— INFORMATION SHOWN —
━━━

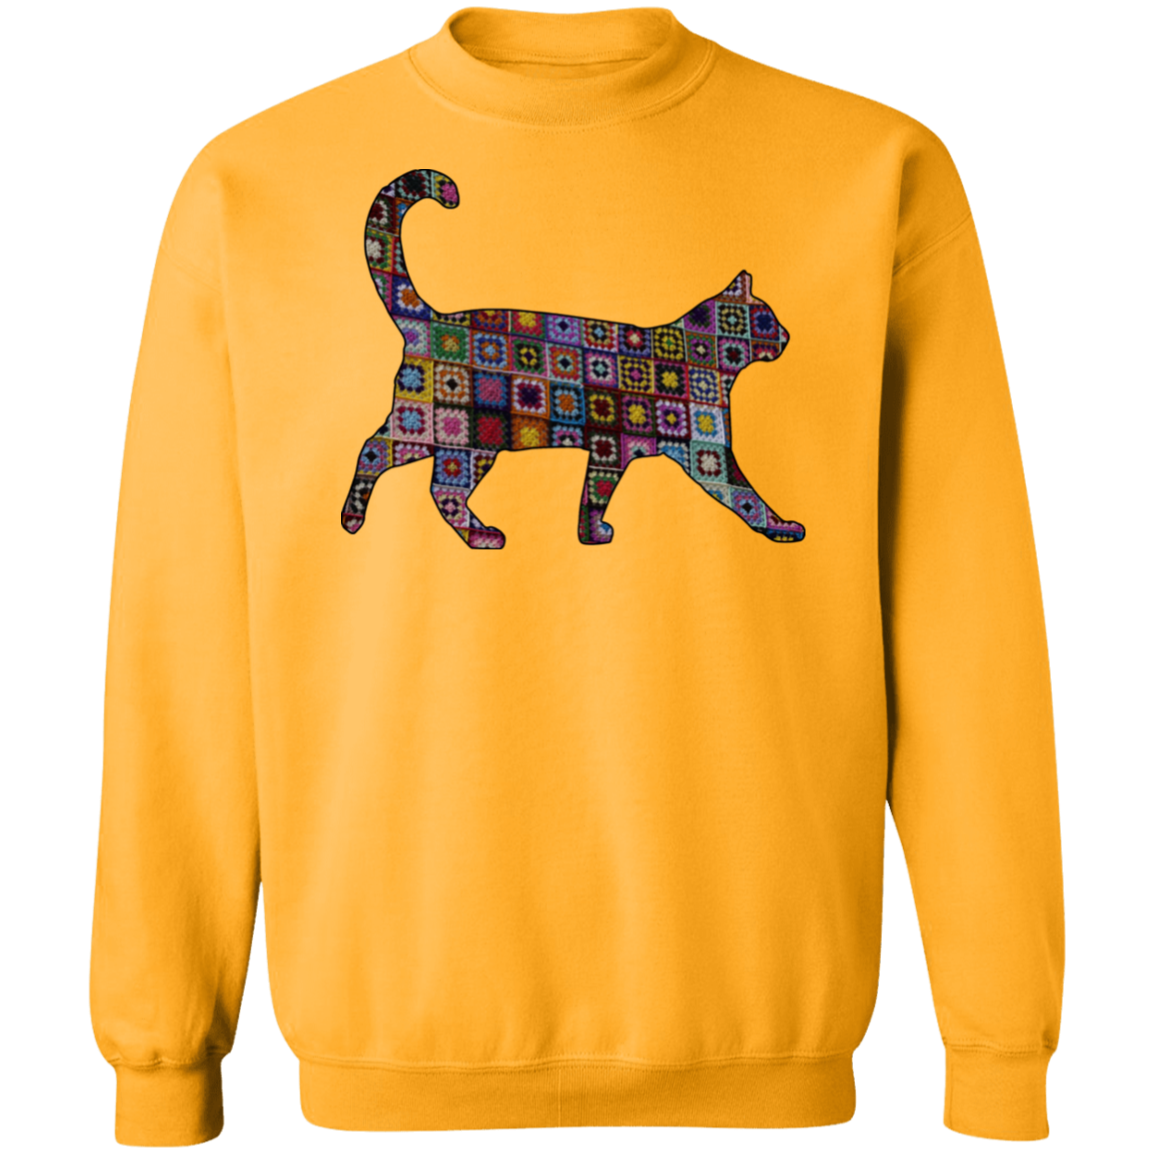 Granny Square Cat Crewneck Pullover Sweatshirt
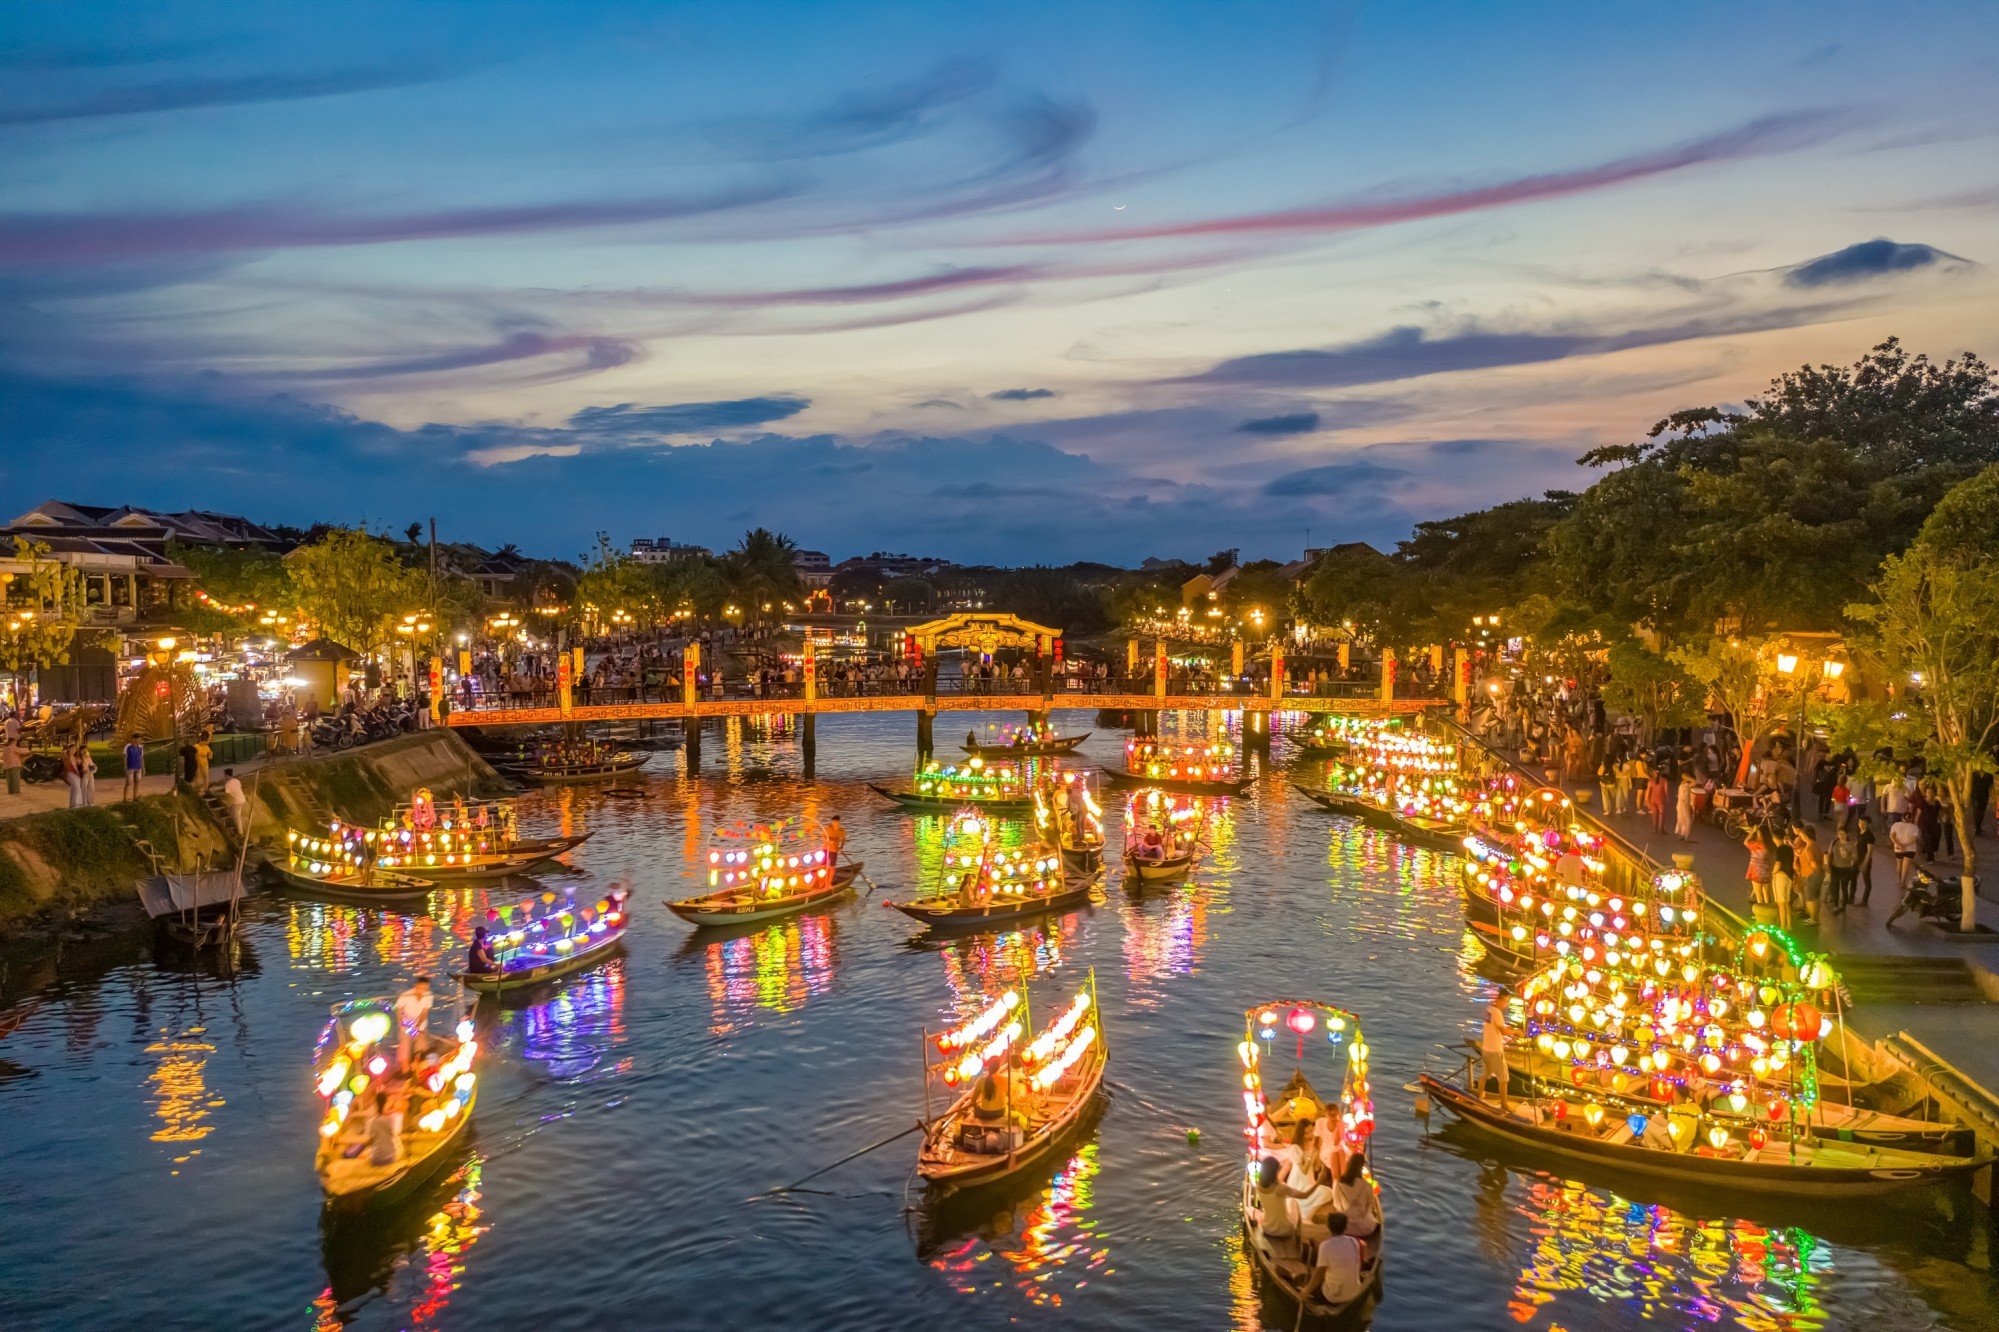 Báo quốc tế: Hội An, Việt Nam là một trong những thành phố có biển đẹp nhất thế giới - Ảnh 1.
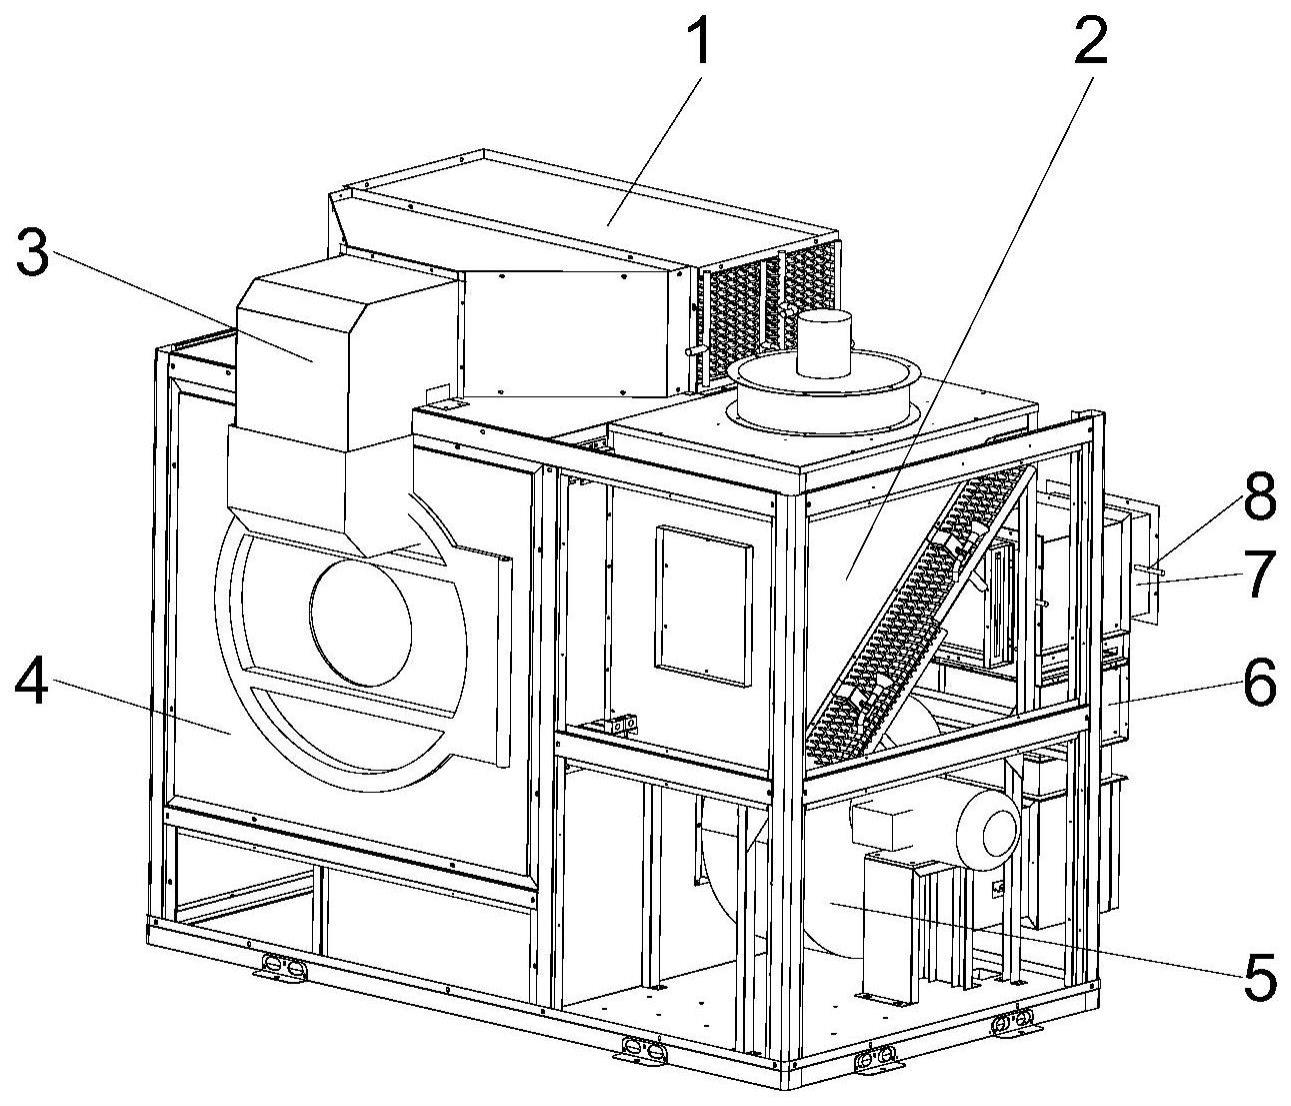 热泵干衣机风机控制方法、计算机设备及热泵干衣机与流程

━━━

— WHAT THE EXERCISE ASKS —
Repeat the listing word for word, and skip every picture it contains.

— RESULT OF THE EXERCISE —
 Granny Square Cat Crewneck Pullover Sweatshirt
 Báo quốc tế: Hội An, Việt Nam là một trong những thành phố có biển đẹp nhất thế giới - Ảnh 1.
 热泵干衣机风机控制方法、计算机设备及热泵干衣机与流程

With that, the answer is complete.